Do Make Say Think's first two albums (their self-titled debut and Goodbye Enemy Airship The Landlord Is Dead) provided a good foundation, because their first was post-rock meeting dub and lounge, and their second was them leaving dub and lounge more and more behind in favour of jazz, with the additional information that Goodbye Enemy Airship The Landlord Is Dead was a whole lot better in terms of songwriting and originality. Stylistically, this new album is somewhere between the first and the second, but nothing could have prepared us for the giant leap forwards that is & Yet & Yet.
The Toronto-based band kicks off with Classic Noodlanding, a song in typical Do Make Say Think style: loose, jazzy drumming by both drummers, quiet guitarnoodling, added atmospheric sounds by both brass instruments and synths, and a composition with pastoral melodies. Then suddenly the drums go straightforward towards the vicinity of pop territory, but they never manage to make it that far. Nor do they want to. It's evident that Do Make Say Think are more at ease with softness and subtlety, because the sonic eruptions that sometimes present on its predecessor are almost gone; only in the second song, End Of Music, things tend to get a bit more loud and massive, but it still is very melodic and carries that Do Make Say Think touch. Not easy to pinpoint that touch actually, but it has something to do with the atmosphere: pastoral, light, warm, not happy or sad but seemingly at ease with the situation they are in, intimate, comfortable. Music that eases your mind just as easily while working as it does when you're lying down after coming home from a loud concert.

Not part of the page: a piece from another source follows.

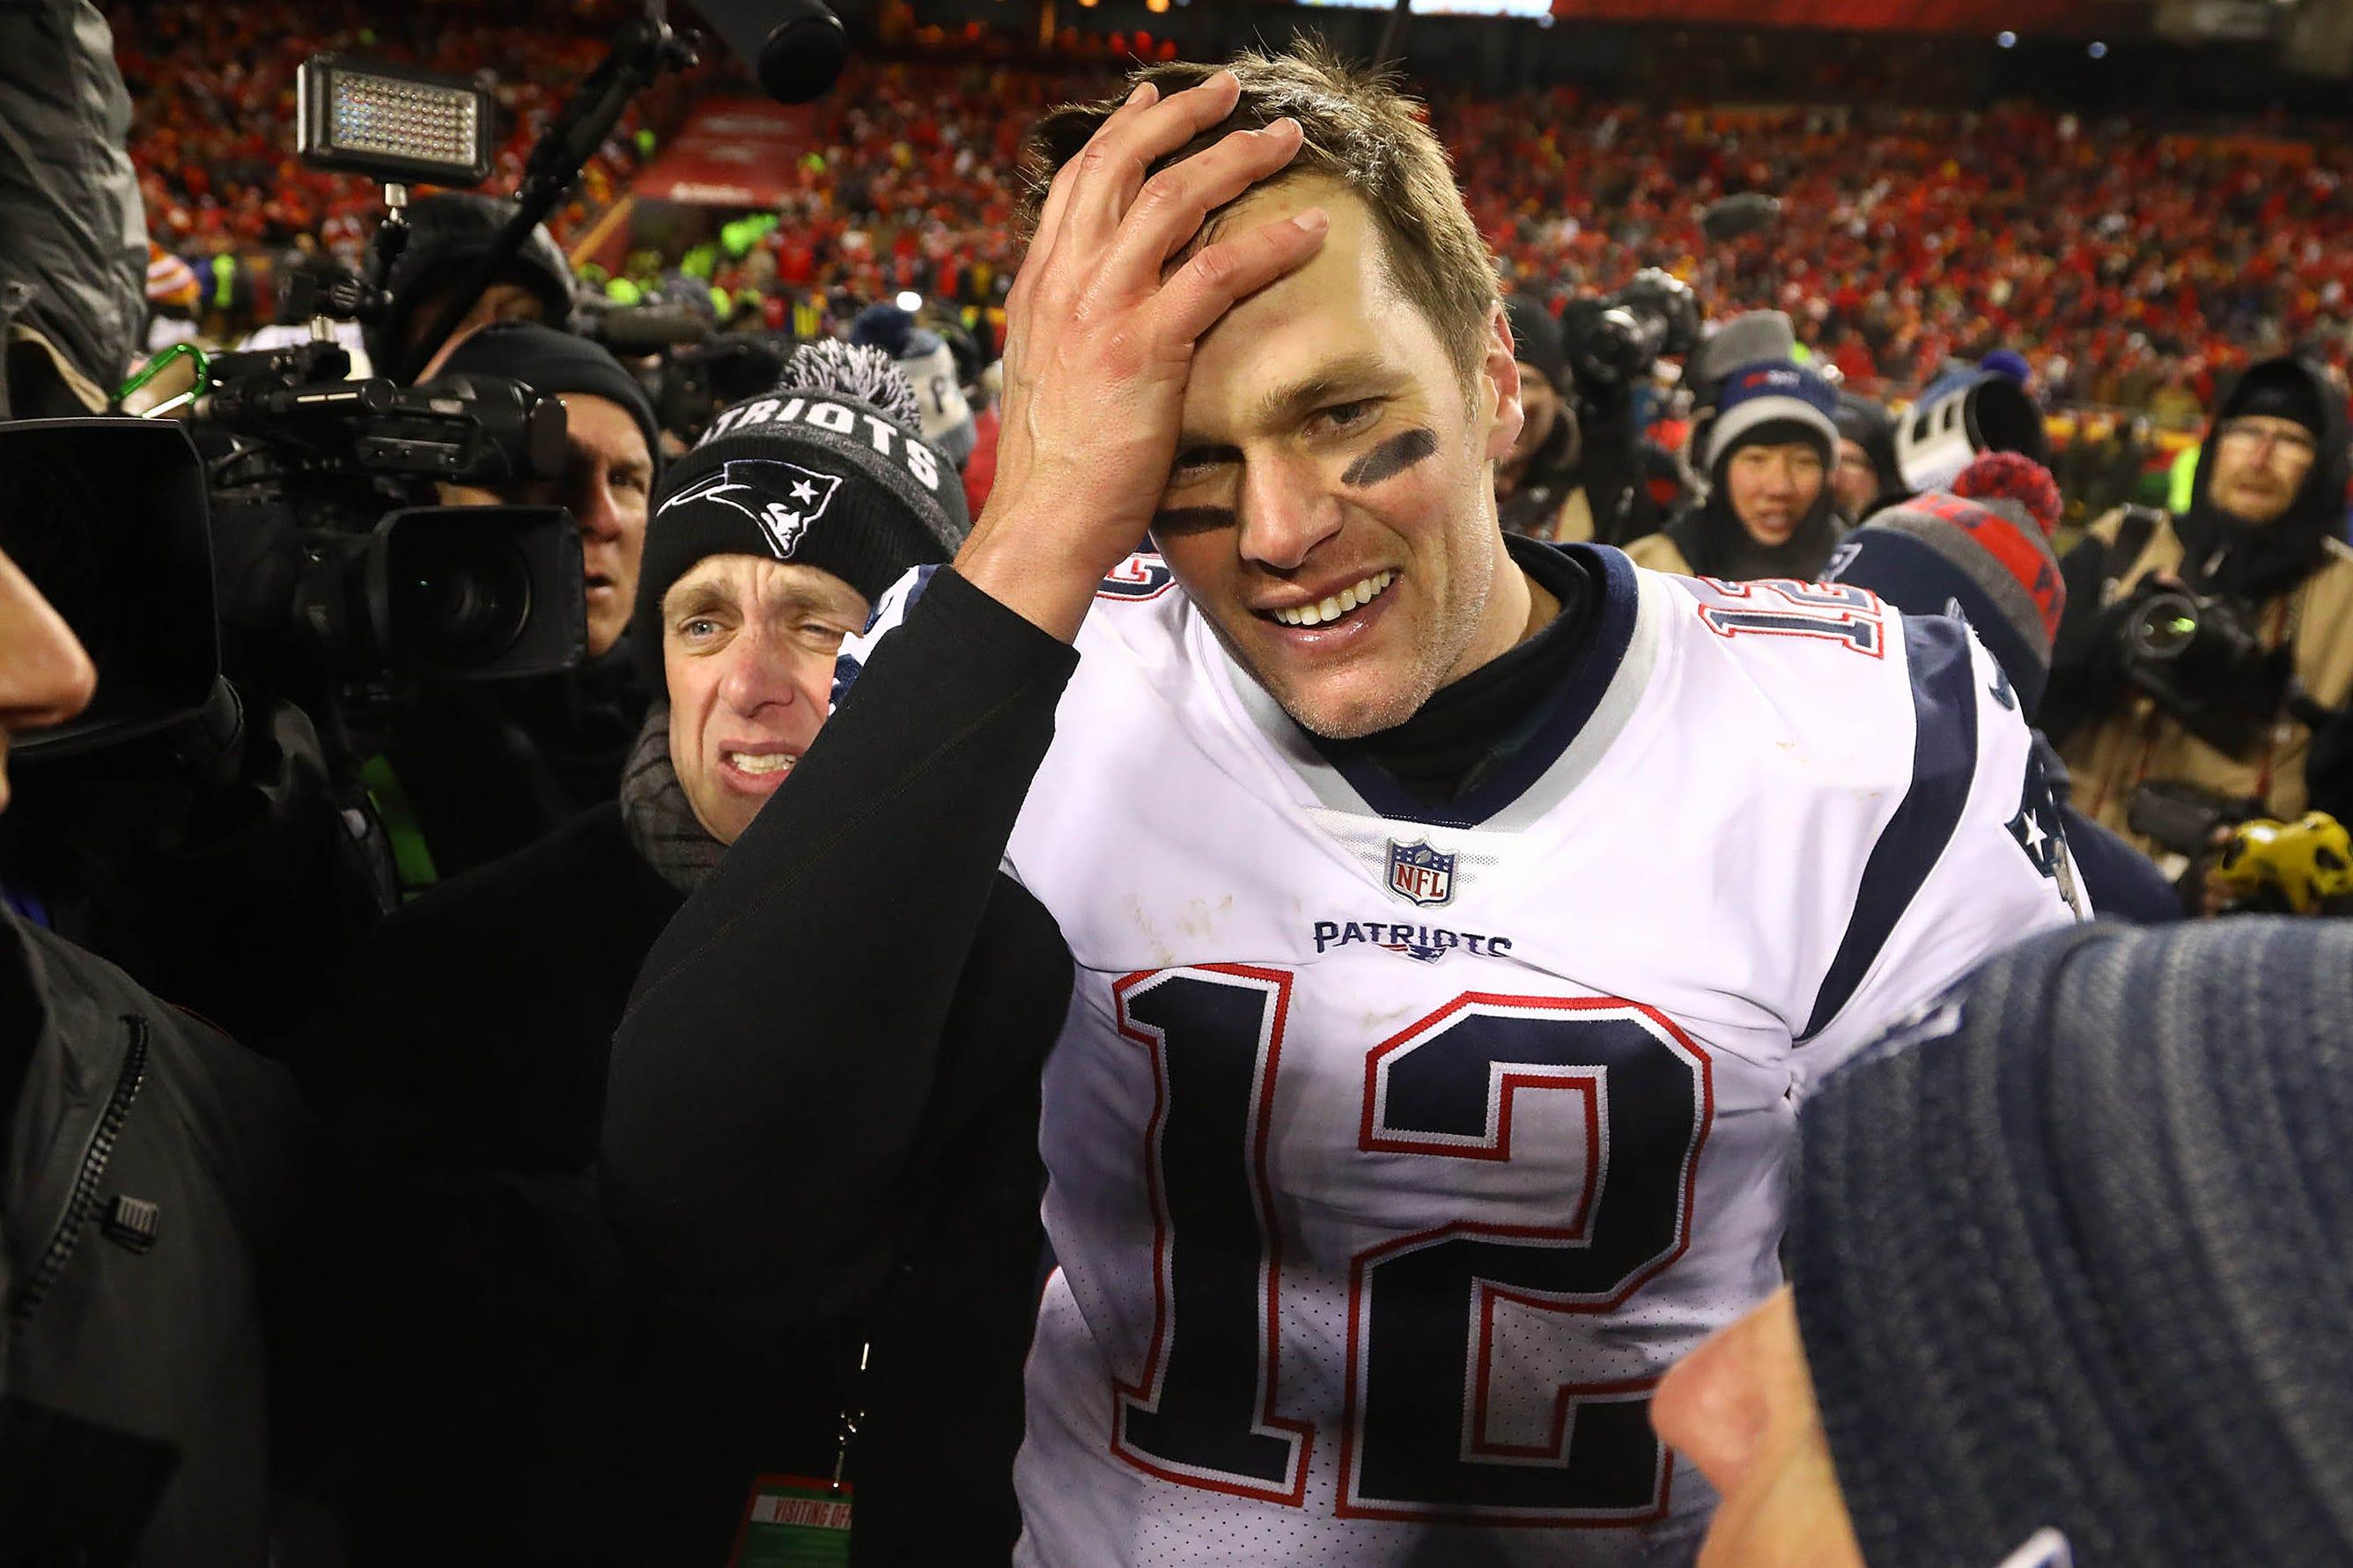 Tom Brady: 'Zero' chance I retire from NFL after Super Bowl

They succeeded in creating a style of their own; a style where post-rock is sided by equal parts of dub and jazz, which provide some beautiful textures and depth in the rather dry sound. White Light Of has those double jazzy drumming parts that are rapidly becoming a typical Do Make Say Think trademark, as are the melodic brass parts in the same song. In the following Chinatown, a dub foundation is spread out while an immensely beautiful guitar theme is played over it. And even if the pace gets faster and the drive gets more important, like in Reitschule, the intimate atmosphere doesn't change. In Soul And Onward, the band for the first time uses vocals, but in an instrumental way: Tamara Williamson sings as guest vocalist, adding a sad melancholy to the song. And although she produces only sounds and no words, the feeling is that of a long-lost love, of something that will never return again. The most heartbreaking musical moment I witnessed in ages. After this, the summer breeze of Anything For Now is both refreshing and comforting at the same time: Guitars are blown forward by the wind, the soft drums take care of the propulsion, all the other sounds and instruments compliment the atmosphere, only to eventually transform into a warm and comfortable drone where all is lost and won back again and time stands still forever.